┌────────

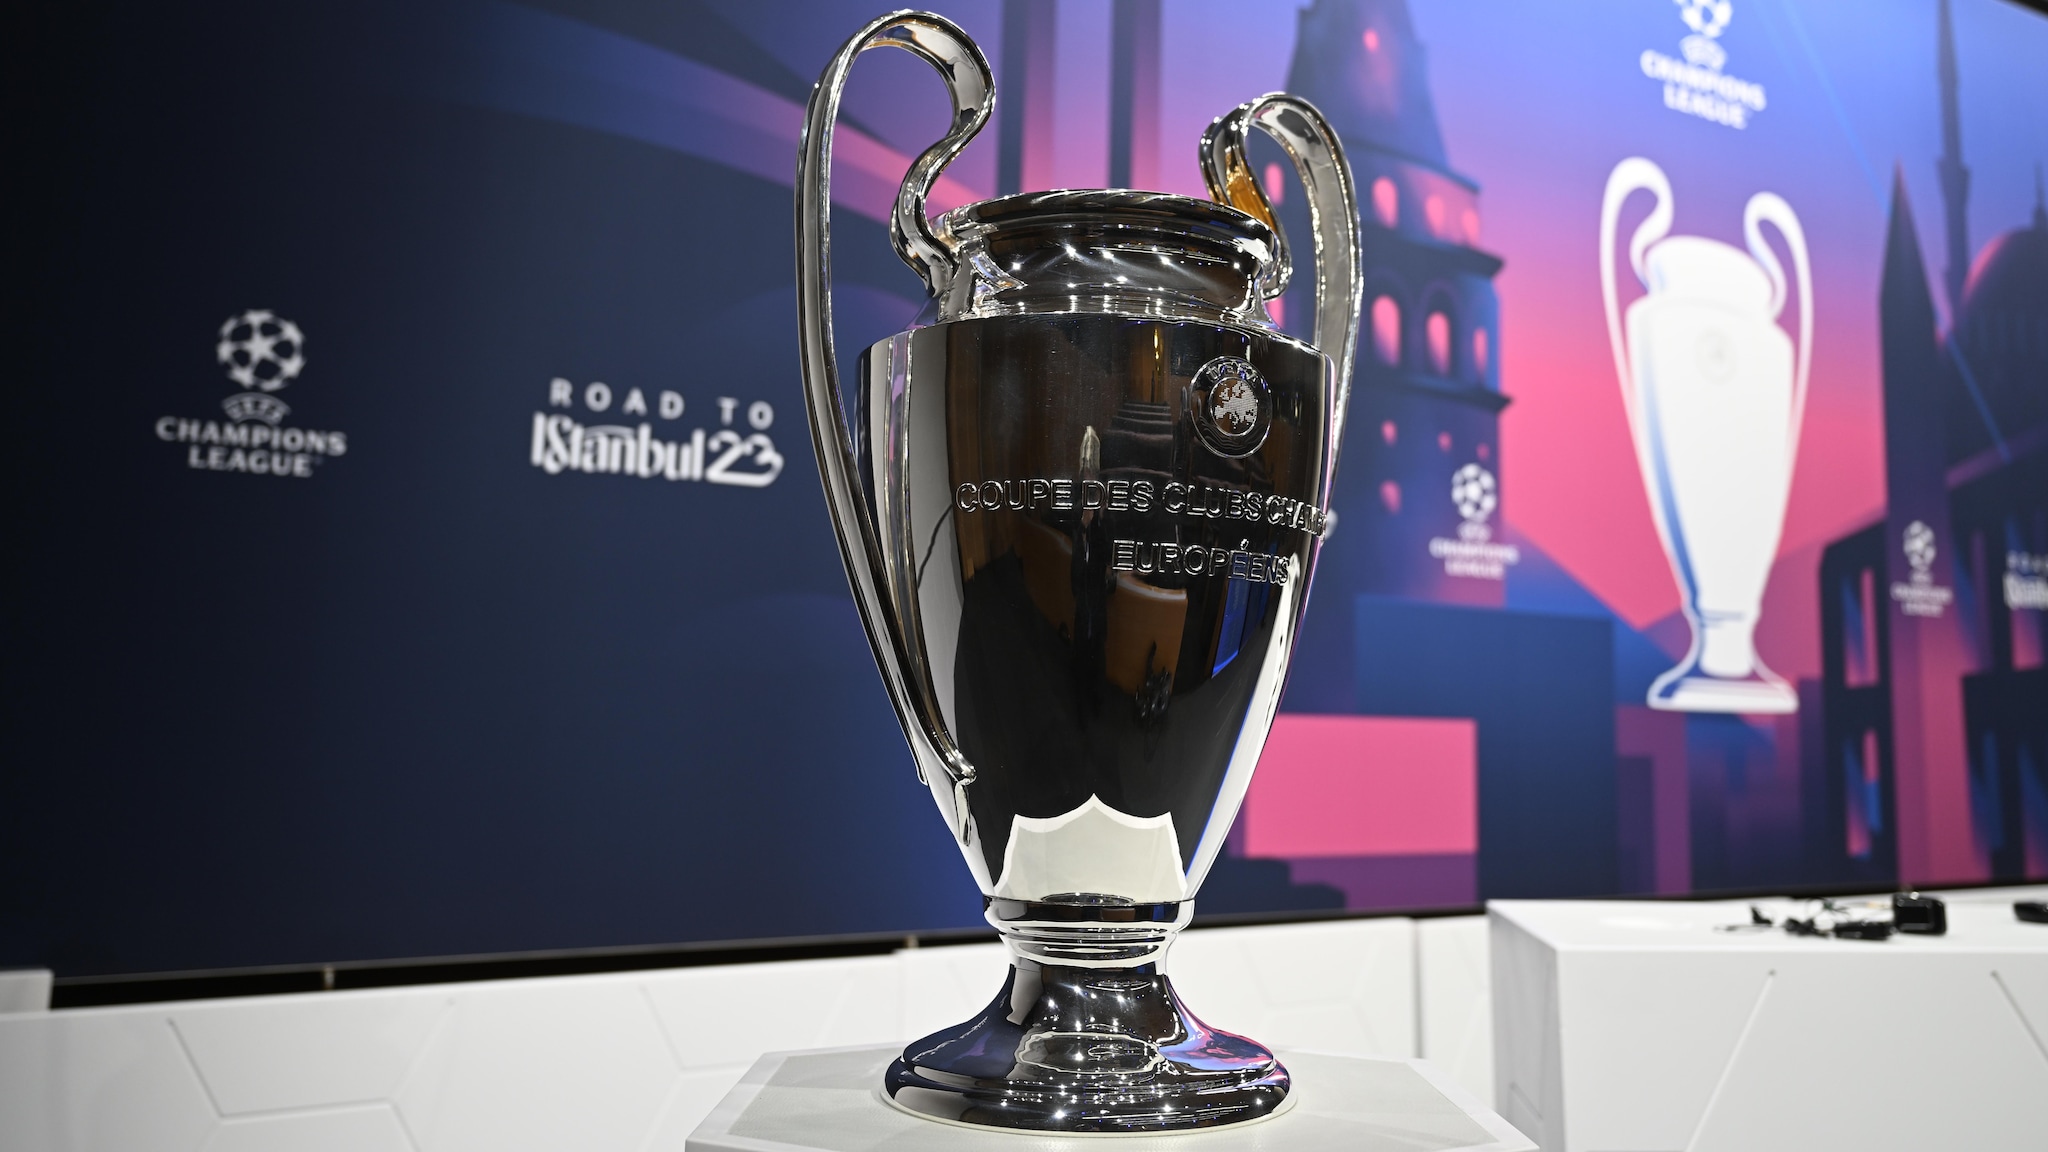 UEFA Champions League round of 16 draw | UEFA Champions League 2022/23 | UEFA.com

└────────
┌────────

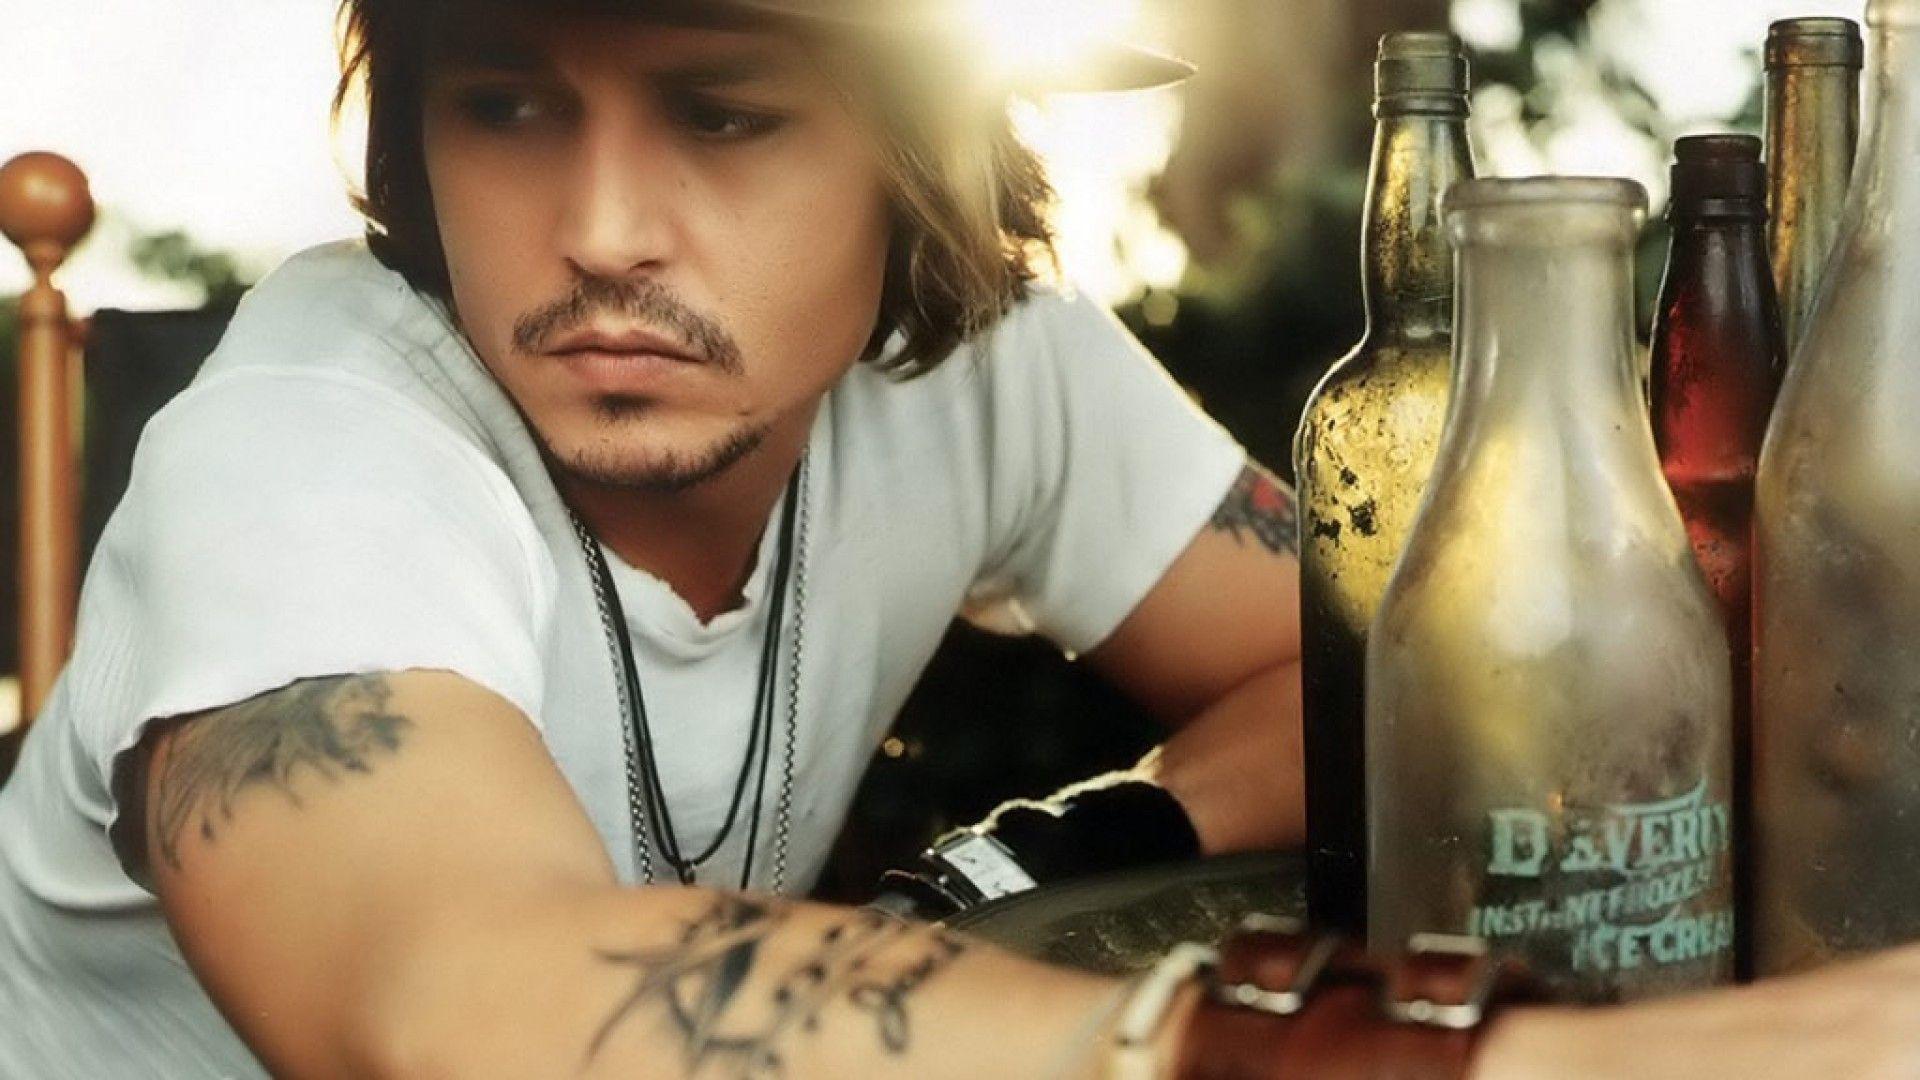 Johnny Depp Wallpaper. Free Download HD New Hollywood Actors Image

└────────
┌────────

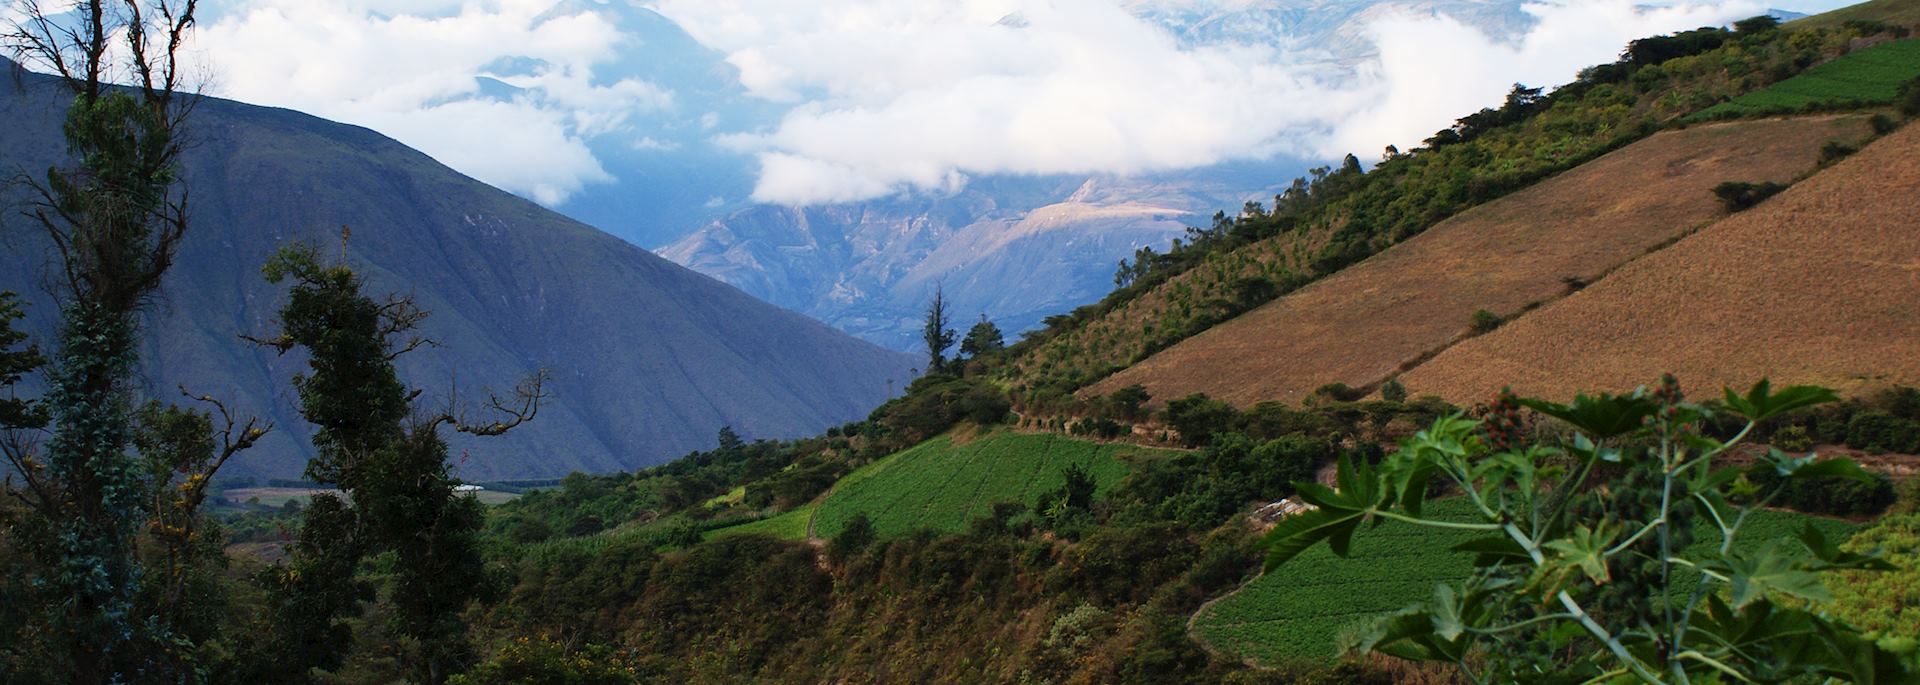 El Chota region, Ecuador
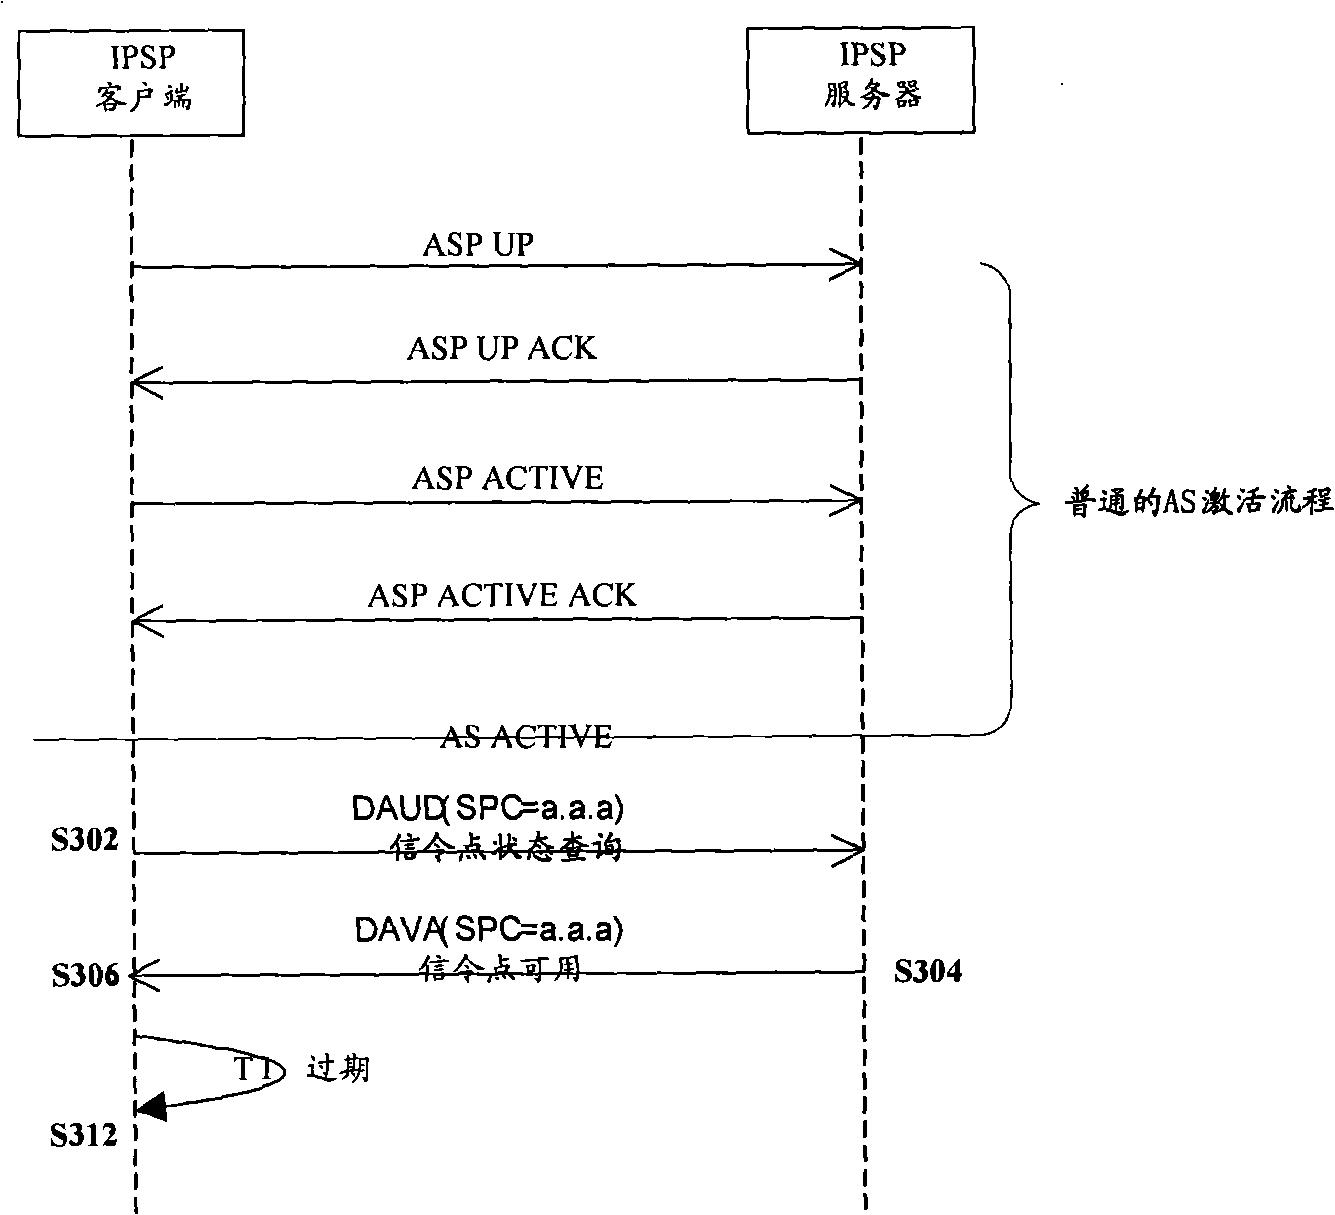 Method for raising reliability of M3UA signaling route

└────────

■ WORK REQUIRED: Set down, exactly as written above, each line from the one with "El Chota region, Ecuador" through the one with "Method for raising", and skip the pictures.

■ RESULT FOR THIS TASK:
 El Chota region, Ecuador
 Method for raising reliability of M3UA signaling route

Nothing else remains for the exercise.